Les différentes mesures proposées par la Commission auront donc un impact important sur l’accès au droit d’asile et les droits fondamentaux des migrants. La question posée par les associations, et notamment par le Conseil européen pour les réfugiés et les exilés (ECRE) est la pertinence de l’activation de l’article 78(3) au regard du faible nombre des arrivées, bien qu’en hausse, et de la mise en perspective des mesures par rapport au respect des droits humains.
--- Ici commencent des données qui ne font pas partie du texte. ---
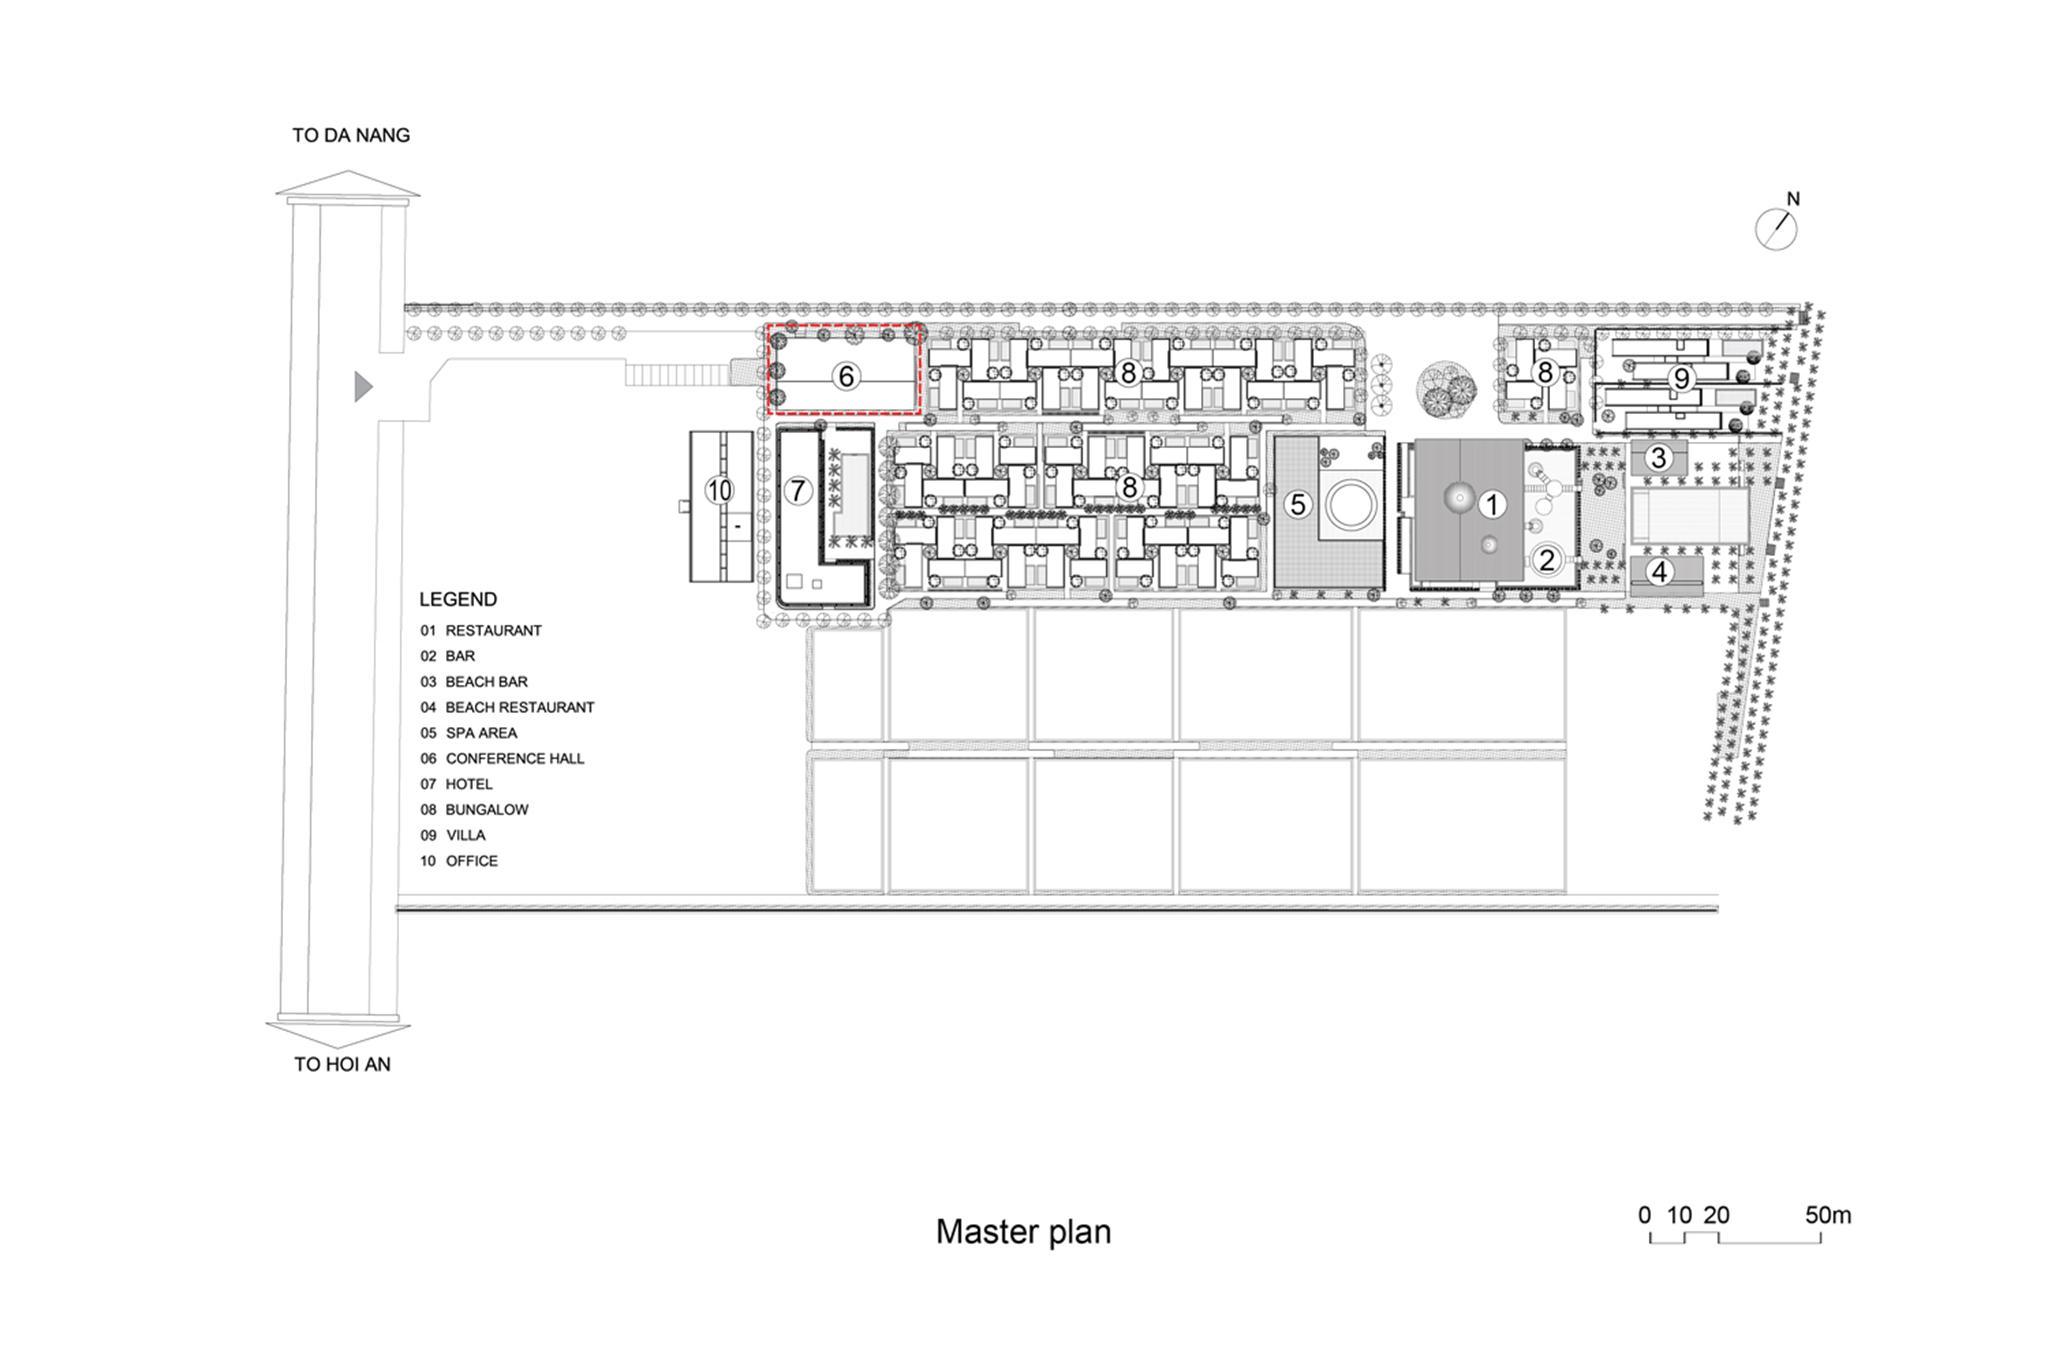 dwg1_Master plan (Copy)

Le choix de la Commission de privilégier des mesures exceptionnelles au-delà des dérogations déjà rendues possibles par le régime d’asile européen commun se fonde sur « l’instrumentalisation des migrants » par la Biélorussie, donc sur une crise avant tout politique et diplomatique : ce motif est-il couvert par l’article 78(3) ? Par ailleurs, l’adoption de ces mesures permettra-t-elle une réelle amélioration de la situation des migrants compte tenu des positions adoptées par les Etats concernés, en particulier de la Pologne, de déroger au droit européen et international. Le Haut-commissariat des Nations unies aux droits de l’homme s’est récemment vu refuser l’accès aux zones frontalières par la Pologne. Les prochaines étapes de cette proposition sont la consultation du Parlement européen, et le vote par le Conseil de l’UE à la majorité qualifiée. En cas d’adoption, la décision devrait entrée en vigueur le jour suivant de sa publication au journal officiel de l’UE.